» Source records:
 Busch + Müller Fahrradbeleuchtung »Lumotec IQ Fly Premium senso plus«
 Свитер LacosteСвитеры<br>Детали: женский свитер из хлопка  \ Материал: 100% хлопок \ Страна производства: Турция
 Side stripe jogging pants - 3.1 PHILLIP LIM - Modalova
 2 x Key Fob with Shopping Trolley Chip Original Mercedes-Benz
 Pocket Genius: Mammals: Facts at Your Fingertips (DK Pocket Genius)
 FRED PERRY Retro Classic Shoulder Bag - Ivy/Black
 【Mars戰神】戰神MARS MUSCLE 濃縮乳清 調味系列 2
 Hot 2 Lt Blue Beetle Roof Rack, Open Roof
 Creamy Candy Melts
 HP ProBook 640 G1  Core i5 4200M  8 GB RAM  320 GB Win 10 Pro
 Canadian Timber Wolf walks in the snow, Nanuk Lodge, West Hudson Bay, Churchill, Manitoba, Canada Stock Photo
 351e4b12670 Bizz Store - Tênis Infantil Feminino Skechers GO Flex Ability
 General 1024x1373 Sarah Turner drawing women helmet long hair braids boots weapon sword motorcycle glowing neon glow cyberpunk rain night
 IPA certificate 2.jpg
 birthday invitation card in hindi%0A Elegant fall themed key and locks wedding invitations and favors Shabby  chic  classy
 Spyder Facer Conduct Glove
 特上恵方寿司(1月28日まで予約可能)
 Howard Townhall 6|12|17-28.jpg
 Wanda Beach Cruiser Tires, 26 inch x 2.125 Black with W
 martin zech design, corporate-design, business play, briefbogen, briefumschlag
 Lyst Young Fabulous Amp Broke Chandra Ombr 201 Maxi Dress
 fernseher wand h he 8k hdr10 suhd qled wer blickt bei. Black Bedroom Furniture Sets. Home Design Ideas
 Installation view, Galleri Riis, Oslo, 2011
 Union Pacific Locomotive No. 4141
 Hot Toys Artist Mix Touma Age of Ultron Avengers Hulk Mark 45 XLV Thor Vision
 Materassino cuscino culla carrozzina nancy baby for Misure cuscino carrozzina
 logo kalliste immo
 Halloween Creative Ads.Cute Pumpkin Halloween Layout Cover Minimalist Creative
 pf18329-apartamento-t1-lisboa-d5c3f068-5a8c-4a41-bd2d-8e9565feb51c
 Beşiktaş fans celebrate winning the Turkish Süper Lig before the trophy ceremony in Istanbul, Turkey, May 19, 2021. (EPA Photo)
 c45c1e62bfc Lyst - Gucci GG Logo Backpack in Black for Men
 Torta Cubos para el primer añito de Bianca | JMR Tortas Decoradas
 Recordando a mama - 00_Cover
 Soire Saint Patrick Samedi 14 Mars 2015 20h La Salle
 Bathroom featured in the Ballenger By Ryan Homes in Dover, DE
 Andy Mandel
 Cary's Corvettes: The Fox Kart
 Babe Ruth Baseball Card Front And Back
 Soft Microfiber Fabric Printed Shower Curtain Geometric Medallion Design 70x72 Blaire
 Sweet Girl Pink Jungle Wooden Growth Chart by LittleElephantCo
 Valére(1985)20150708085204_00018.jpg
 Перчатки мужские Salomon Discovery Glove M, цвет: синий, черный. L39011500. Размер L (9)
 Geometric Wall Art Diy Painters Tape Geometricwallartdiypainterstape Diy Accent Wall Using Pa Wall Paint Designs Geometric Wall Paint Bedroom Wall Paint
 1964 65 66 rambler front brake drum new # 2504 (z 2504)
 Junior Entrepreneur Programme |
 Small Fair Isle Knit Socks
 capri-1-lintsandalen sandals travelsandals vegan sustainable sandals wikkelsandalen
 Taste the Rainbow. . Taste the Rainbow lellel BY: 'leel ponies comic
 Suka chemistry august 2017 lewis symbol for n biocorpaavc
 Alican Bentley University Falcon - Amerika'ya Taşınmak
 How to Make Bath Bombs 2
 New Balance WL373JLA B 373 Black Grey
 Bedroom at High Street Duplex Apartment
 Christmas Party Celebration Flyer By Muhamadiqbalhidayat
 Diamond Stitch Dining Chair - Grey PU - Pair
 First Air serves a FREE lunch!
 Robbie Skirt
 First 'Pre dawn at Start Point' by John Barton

» To do: Produce an exact copy of the whole listing.

» Exercise response:
 Busch + Müller Fahrradbeleuchtung »Lumotec IQ Fly Premium senso plus«
 Свитер LacosteСвитеры<br>Детали: женский свитер из хлопка  \ Материал: 100% хлопок \ Страна производства: Турция
 Side stripe jogging pants - 3.1 PHILLIP LIM - Modalova
 2 x Key Fob with Shopping Trolley Chip Original Mercedes-Benz
 Pocket Genius: Mammals: Facts at Your Fingertips (DK Pocket Genius)
 FRED PERRY Retro Classic Shoulder Bag - Ivy/Black
 【Mars戰神】戰神MARS MUSCLE 濃縮乳清 調味系列 2
 Hot 2 Lt Blue Beetle Roof Rack, Open Roof
 Creamy Candy Melts
 HP ProBook 640 G1  Core i5 4200M  8 GB RAM  320 GB Win 10 Pro
 Canadian Timber Wolf walks in the snow, Nanuk Lodge, West Hudson Bay, Churchill, Manitoba, Canada Stock Photo
 351e4b12670 Bizz Store - Tênis Infantil Feminino Skechers GO Flex Ability
 General 1024x1373 Sarah Turner drawing women helmet long hair braids boots weapon sword motorcycle glowing neon glow cyberpunk rain night
 IPA certificate 2.jpg
 birthday invitation card in hindi%0A Elegant fall themed key and locks wedding invitations and favors Shabby  chic  classy
 Spyder Facer Conduct Glove
 特上恵方寿司(1月28日まで予約可能)
 Howard Townhall 6|12|17-28.jpg
 Wanda Beach Cruiser Tires, 26 inch x 2.125 Black with W
 martin zech design, corporate-design, business play, briefbogen, briefumschlag
 Lyst Young Fabulous Amp Broke Chandra Ombr 201 Maxi Dress
 fernseher wand h he 8k hdr10 suhd qled wer blickt bei. Black Bedroom Furniture Sets. Home Design Ideas
 Installation view, Galleri Riis, Oslo, 2011
 Union Pacific Locomotive No. 4141
 Hot Toys Artist Mix Touma Age of Ultron Avengers Hulk Mark 45 XLV Thor Vision
 Materassino cuscino culla carrozzina nancy baby for Misure cuscino carrozzina
 logo kalliste immo
 Halloween Creative Ads.Cute Pumpkin Halloween Layout Cover Minimalist Creative
 pf18329-apartamento-t1-lisboa-d5c3f068-5a8c-4a41-bd2d-8e9565feb51c
 Beşiktaş fans celebrate winning the Turkish Süper Lig before the trophy ceremony in Istanbul, Turkey, May 19, 2021. (EPA Photo)
 c45c1e62bfc Lyst - Gucci GG Logo Backpack in Black for Men
 Torta Cubos para el primer añito de Bianca | JMR Tortas Decoradas
 Recordando a mama - 00_Cover
 Soire Saint Patrick Samedi 14 Mars 2015 20h La Salle
 Bathroom featured in the Ballenger By Ryan Homes in Dover, DE
 Andy Mandel
 Cary's Corvettes: The Fox Kart
 Babe Ruth Baseball Card Front And Back
 Soft Microfiber Fabric Printed Shower Curtain Geometric Medallion Design 70x72 Blaire
 Sweet Girl Pink Jungle Wooden Growth Chart by LittleElephantCo
 Valére(1985)20150708085204_00018.jpg
 Перчатки мужские Salomon Discovery Glove M, цвет: синий, черный. L39011500. Размер L (9)
 Geometric Wall Art Diy Painters Tape Geometricwallartdiypainterstape Diy Accent Wall Using Pa Wall Paint Designs Geometric Wall Paint Bedroom Wall Paint
 1964 65 66 rambler front brake drum new # 2504 (z 2504)
 Junior Entrepreneur Programme |
 Small Fair Isle Knit Socks
 capri-1-lintsandalen sandals travelsandals vegan sustainable sandals wikkelsandalen
 Taste the Rainbow. . Taste the Rainbow lellel BY: 'leel ponies comic
 Suka chemistry august 2017 lewis symbol for n biocorpaavc
 Alican Bentley University Falcon - Amerika'ya Taşınmak
 How to Make Bath Bombs 2
 New Balance WL373JLA B 373 Black Grey
 Bedroom at High Street Duplex Apartment
 Christmas Party Celebration Flyer By Muhamadiqbalhidayat
 Diamond Stitch Dining Chair - Grey PU - Pair
 First Air serves a FREE lunch!
 Robbie Skirt
 First 'Pre dawn at Start Point' by John Barton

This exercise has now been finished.